Start of DATA

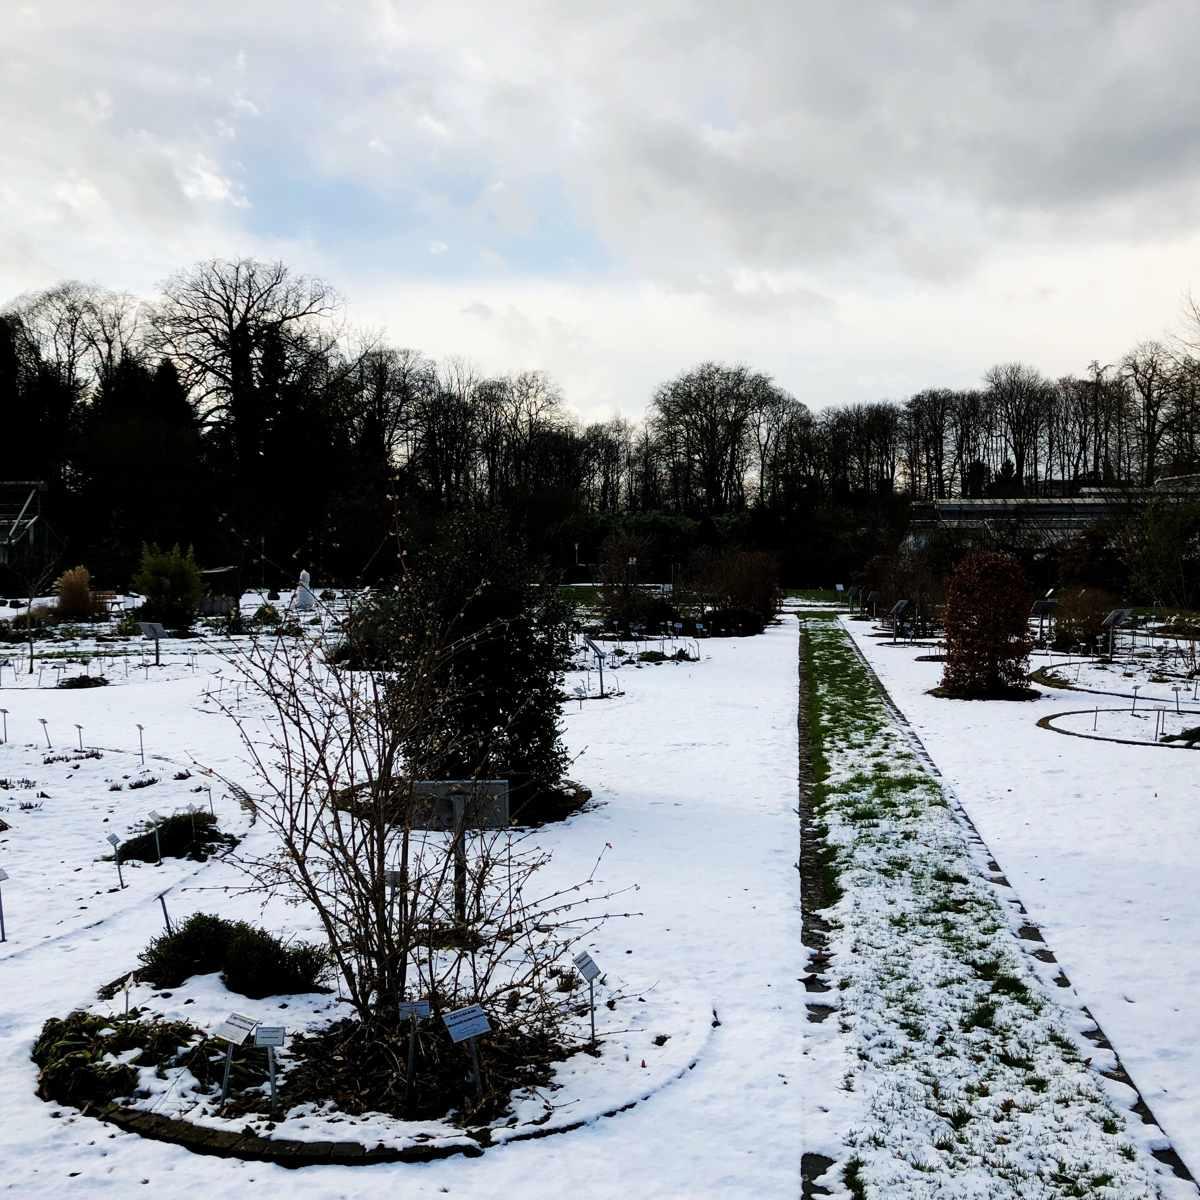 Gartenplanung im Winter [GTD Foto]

End of DATA
Start of DATA

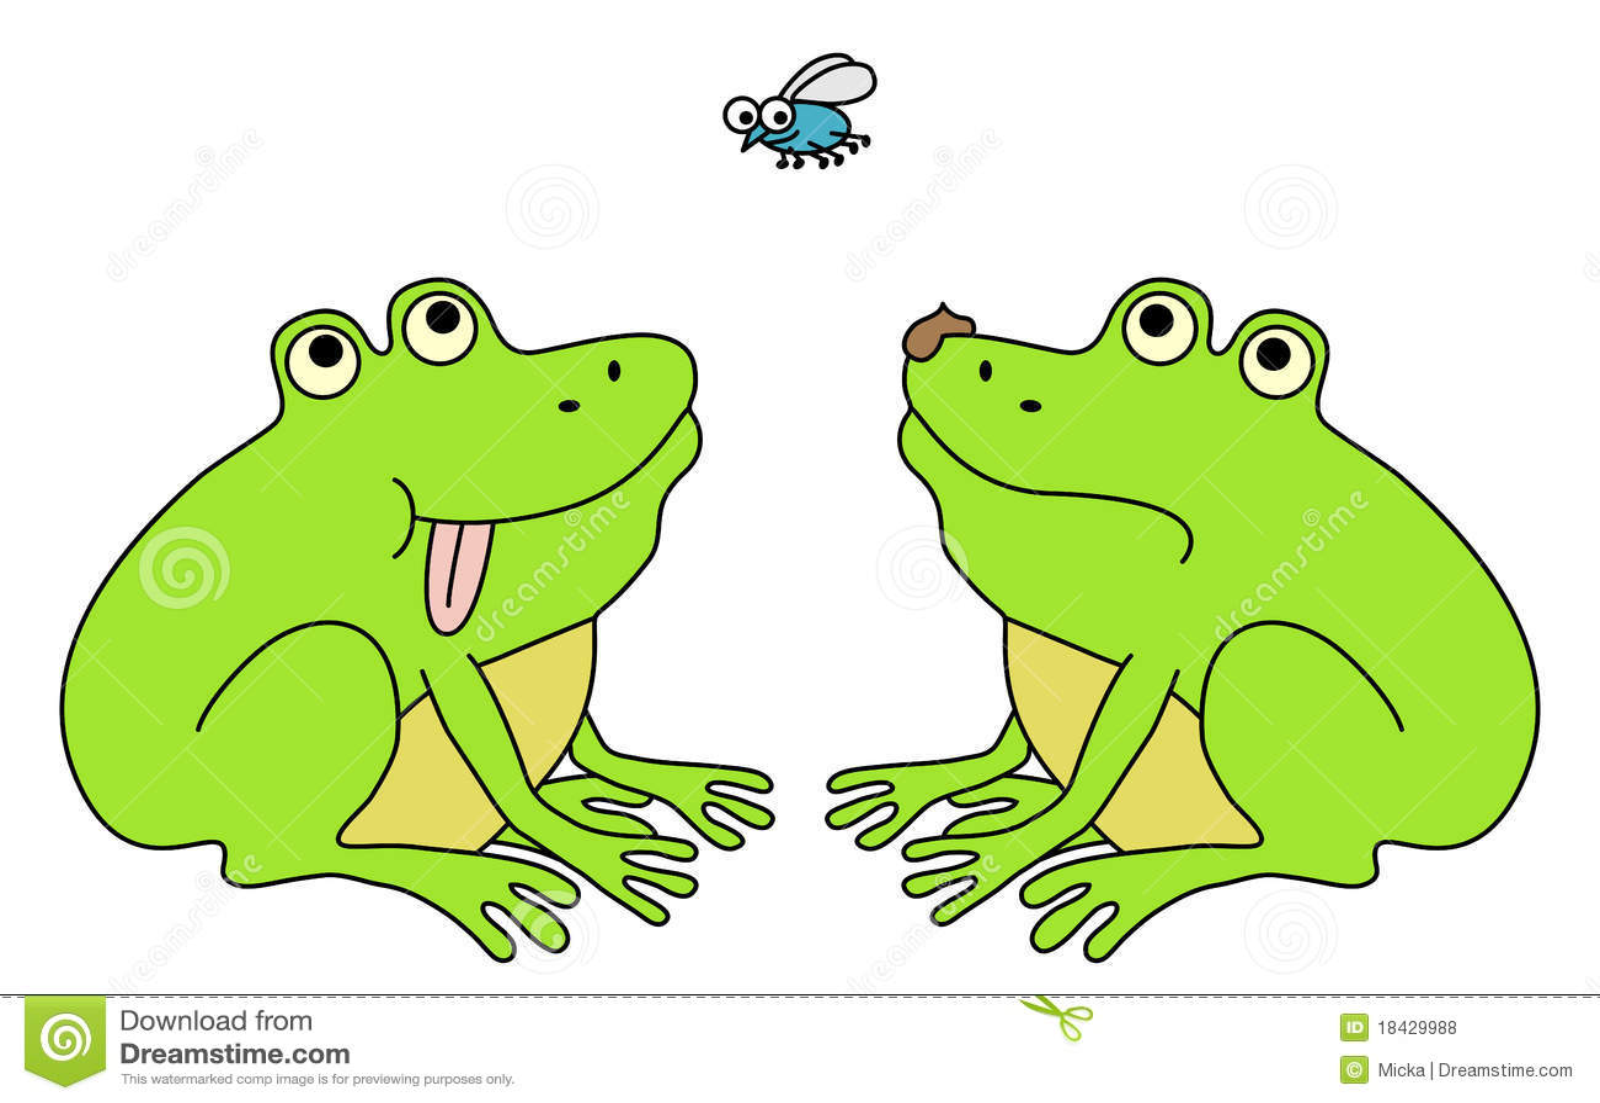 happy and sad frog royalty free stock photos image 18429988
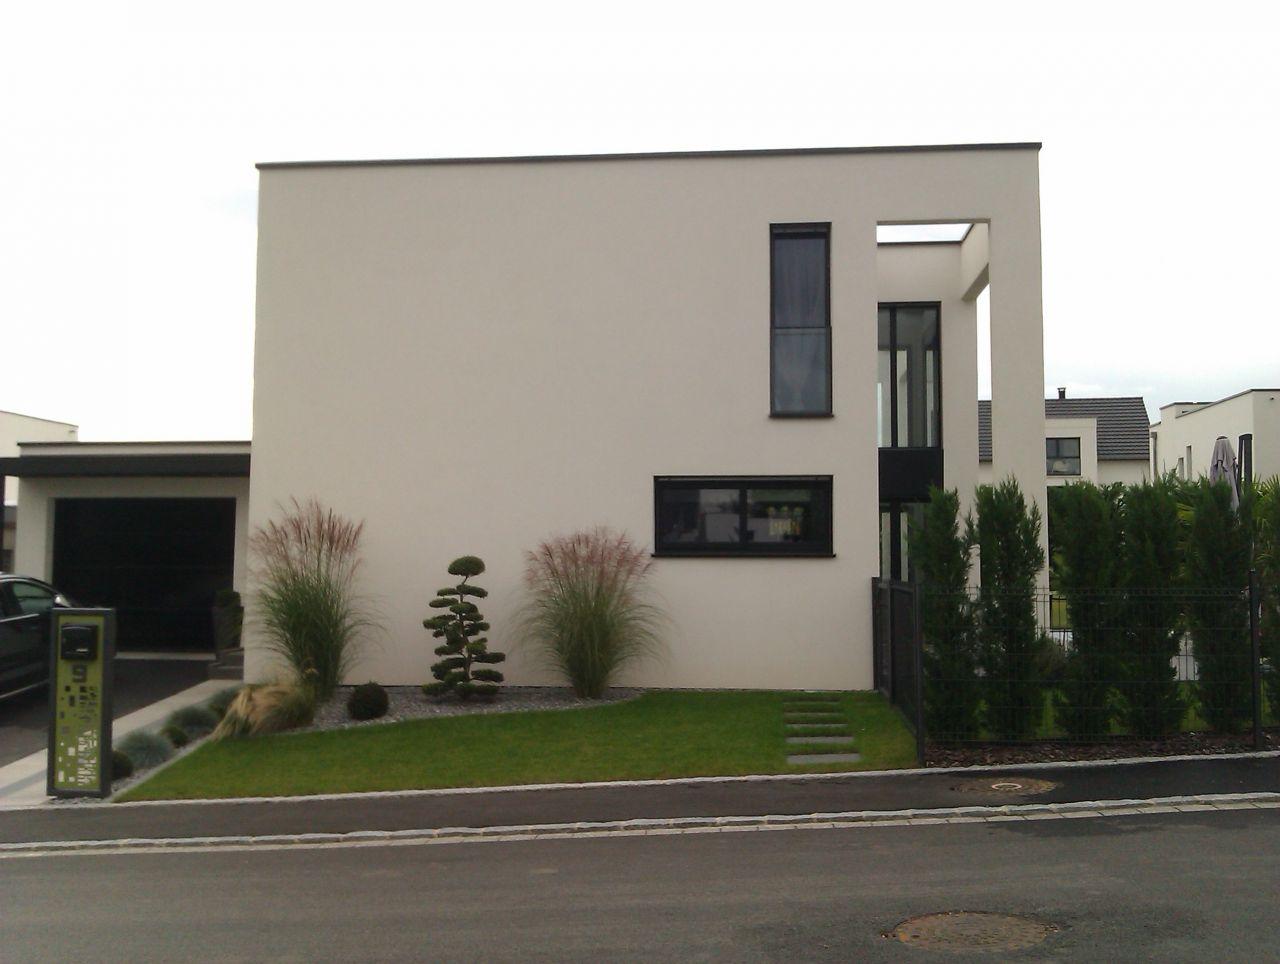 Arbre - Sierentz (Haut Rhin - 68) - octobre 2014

End of DATA
Start of DATA

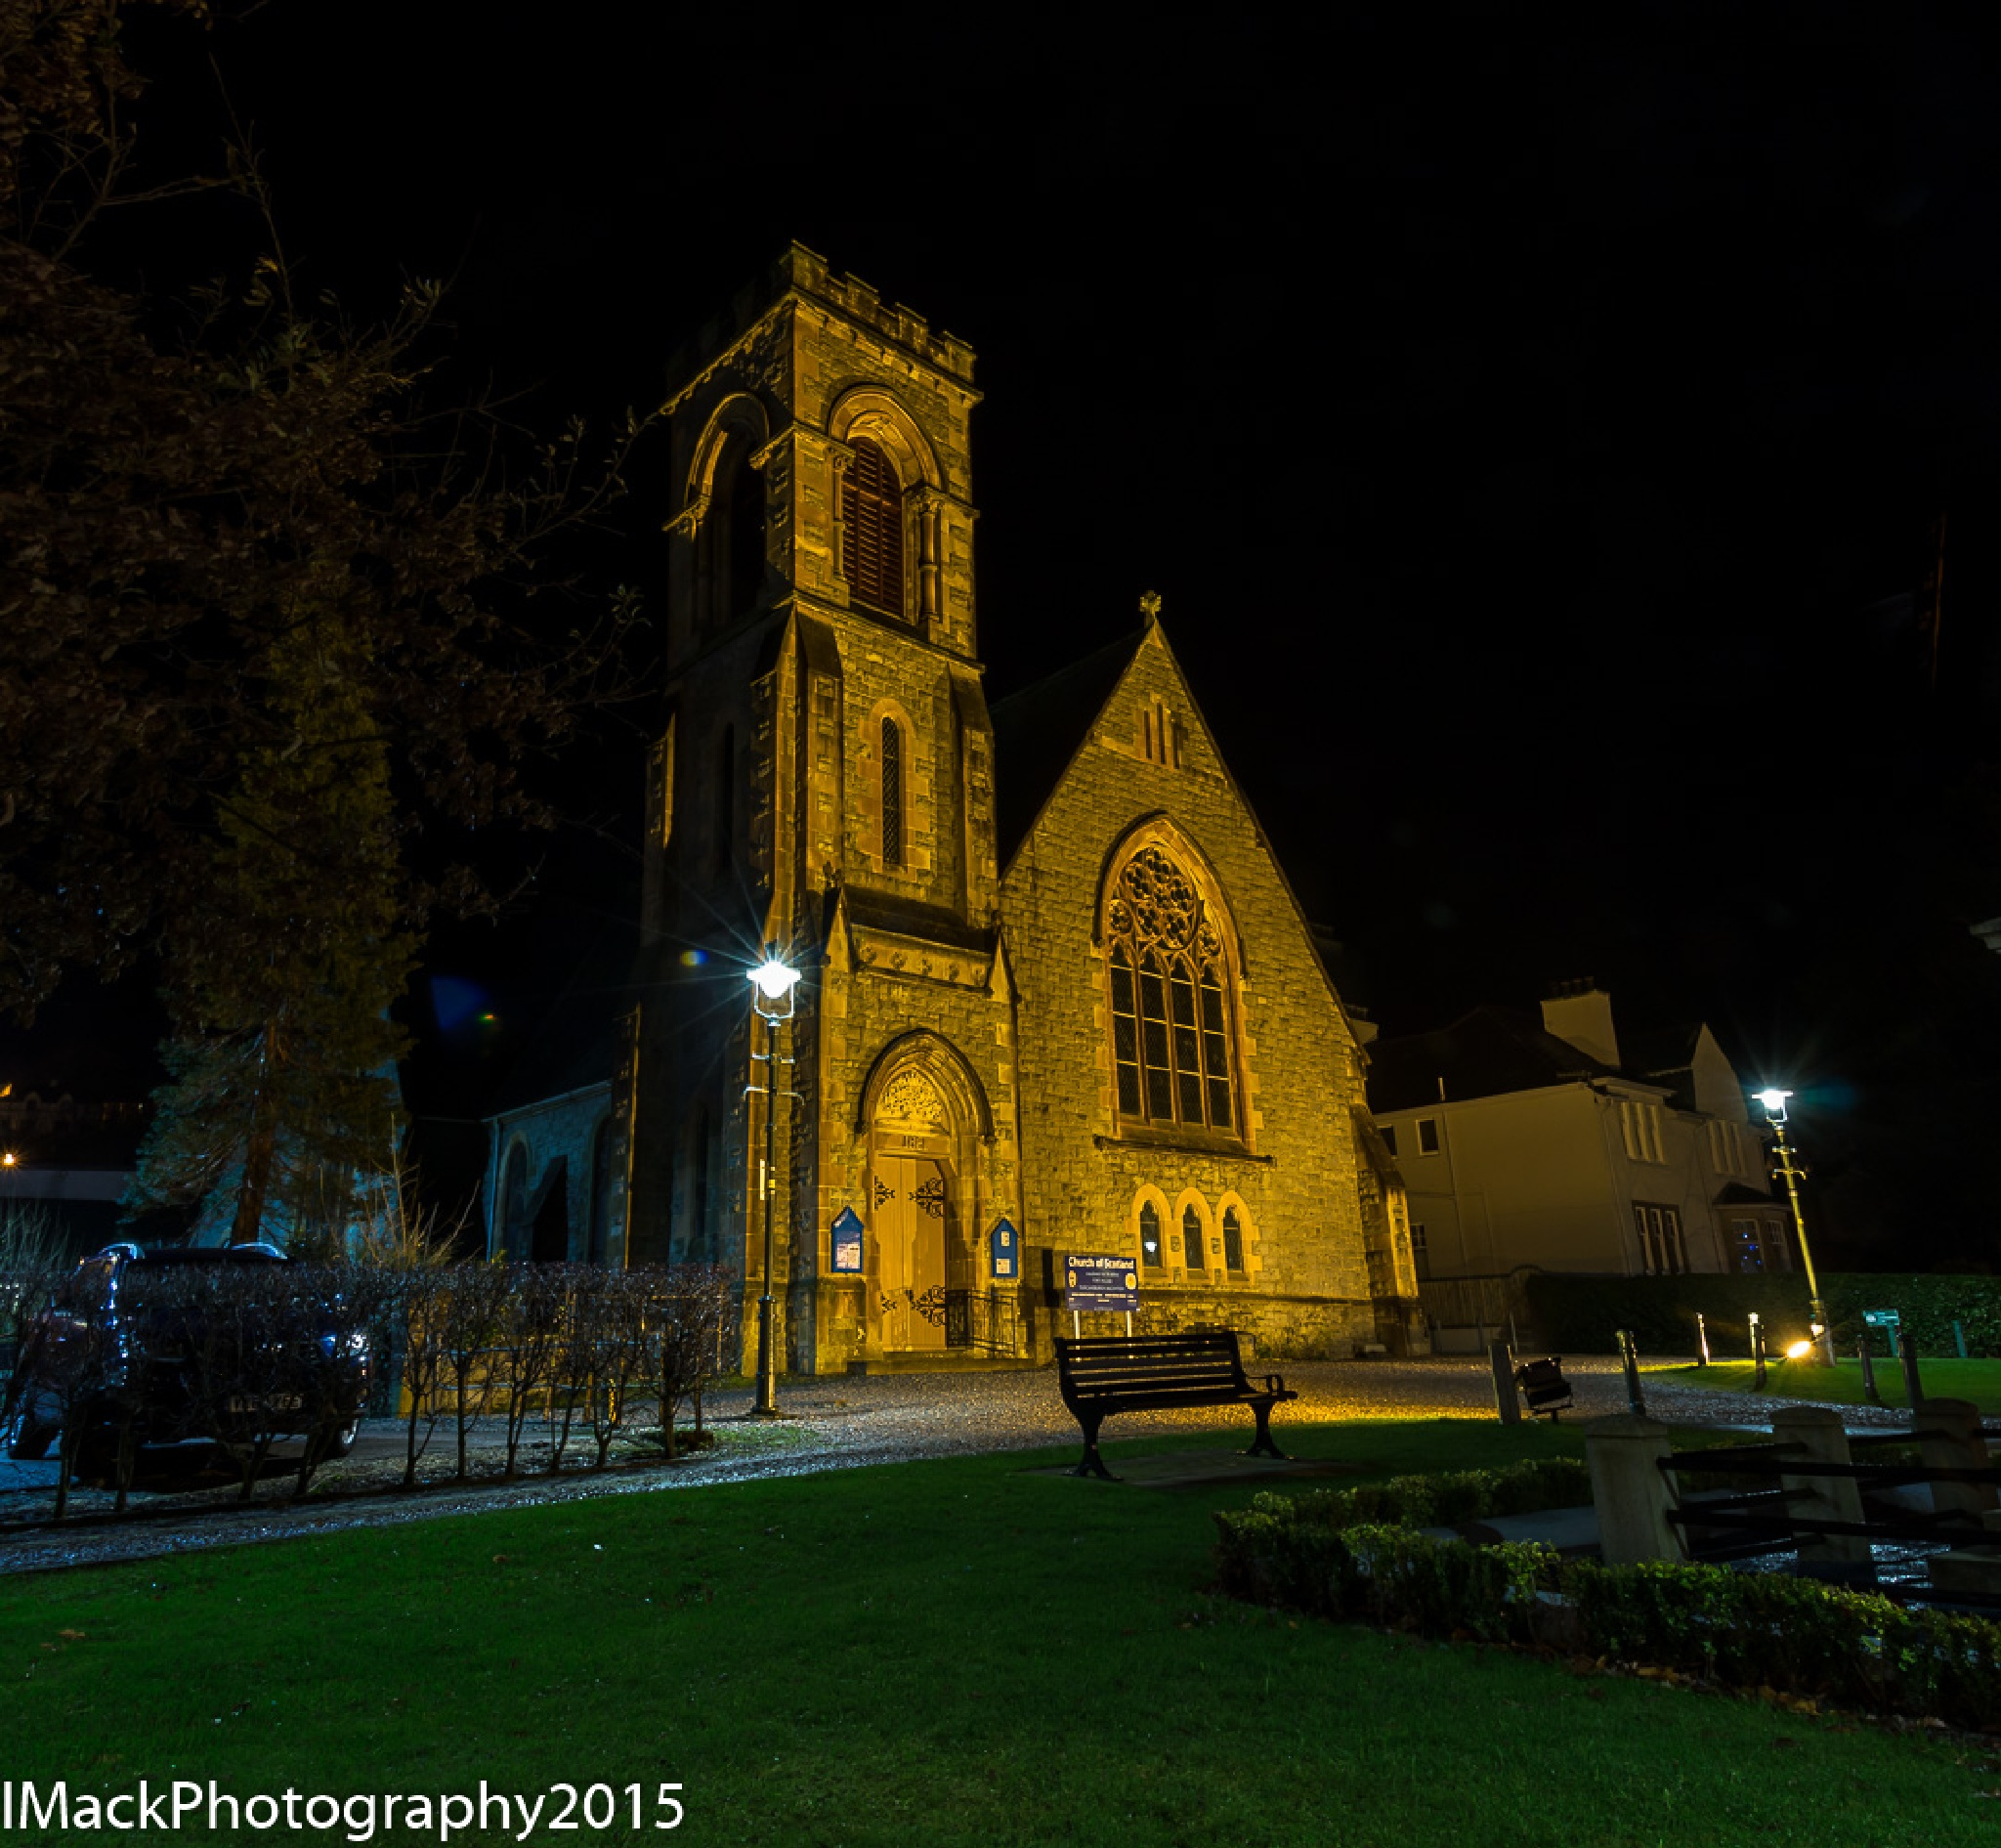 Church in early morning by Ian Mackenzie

End of DATA

▶ TASK BRIEF
Taking the entries above, extract every line from the one bearing "happy and sad" through the one bearing "Arbre - Sierentz", exactly, with no pictures.

▶ PROBLEM SOLUTION
 happy and sad frog royalty free stock photos image 18429988
 Arbre - Sierentz (Haut Rhin - 68) - octobre 2014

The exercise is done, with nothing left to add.